How to program ATmega with fuses set to 32.768kHz clock

atmegaavrprogrammerusbasp

I've been programming my ATmega328P's using USBasp programmer for a while. For my new project, I wanted to use 32.768kHz oscillator as an external clock, so I programmed the ATmega to appropriate fuses. Unfortunately, from this point on, I cannot communicate with the chip at all – avrdude tells me that target doesn't answer (rc=-1 error). After some research, I found some tips telling me to connect the oscillator (and capacitors) to chip's XTAL inputs, and then program the chip. I tried that, to no avail. Note that I also used avrdude's -B 2000 switch, that slows down the programming as much as possible – to 500Hz, so programming speed shouldn't be an issue.

In a desperate attempt to rescue chip, I tried Arduino as ISP, but the results were pretty much the same.

Questions:

  1. How to rescue this particular ATmega? Is high voltage programmer the only way out of this? I don't have one, so other options are welcome.

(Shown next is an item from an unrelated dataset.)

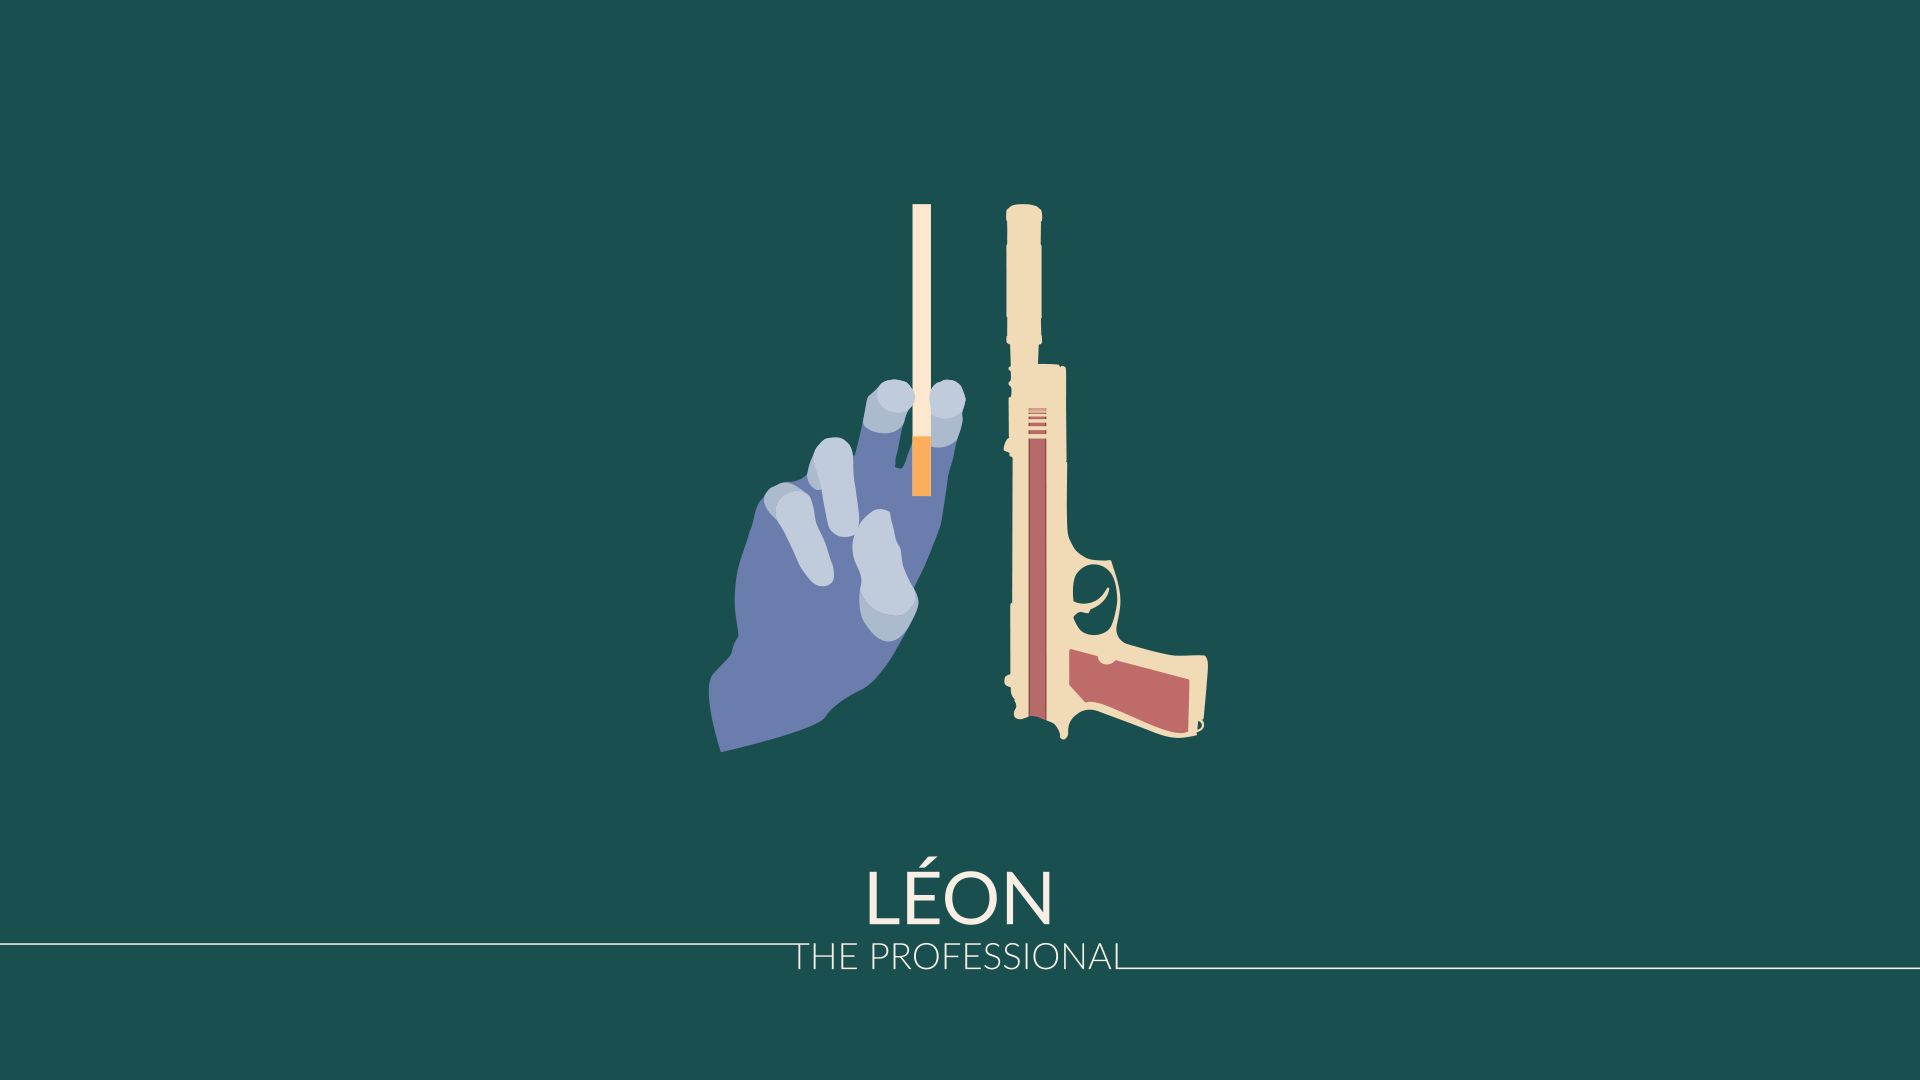 leon: the professional, movie, minimalist

  2. For the future: how should I program slow clock fuses so that I avoid this problem? It doesn't make sense for me – if programmer doesn't work with such fuses, why is there such a fuse setting in the first place?

Best Answer

Even when fused to use a crystal, the ATmega328P will accept a clock signal injected into XTAL1 when being programmed by ISP. The USBasp does not provide such a signal so you will need to set up another circuit to generate a clock signal fast enough for programming.

The programmer should work with such a slow clock assuming the programmer uses a slow clock as well. Verify that the crystal operates normally.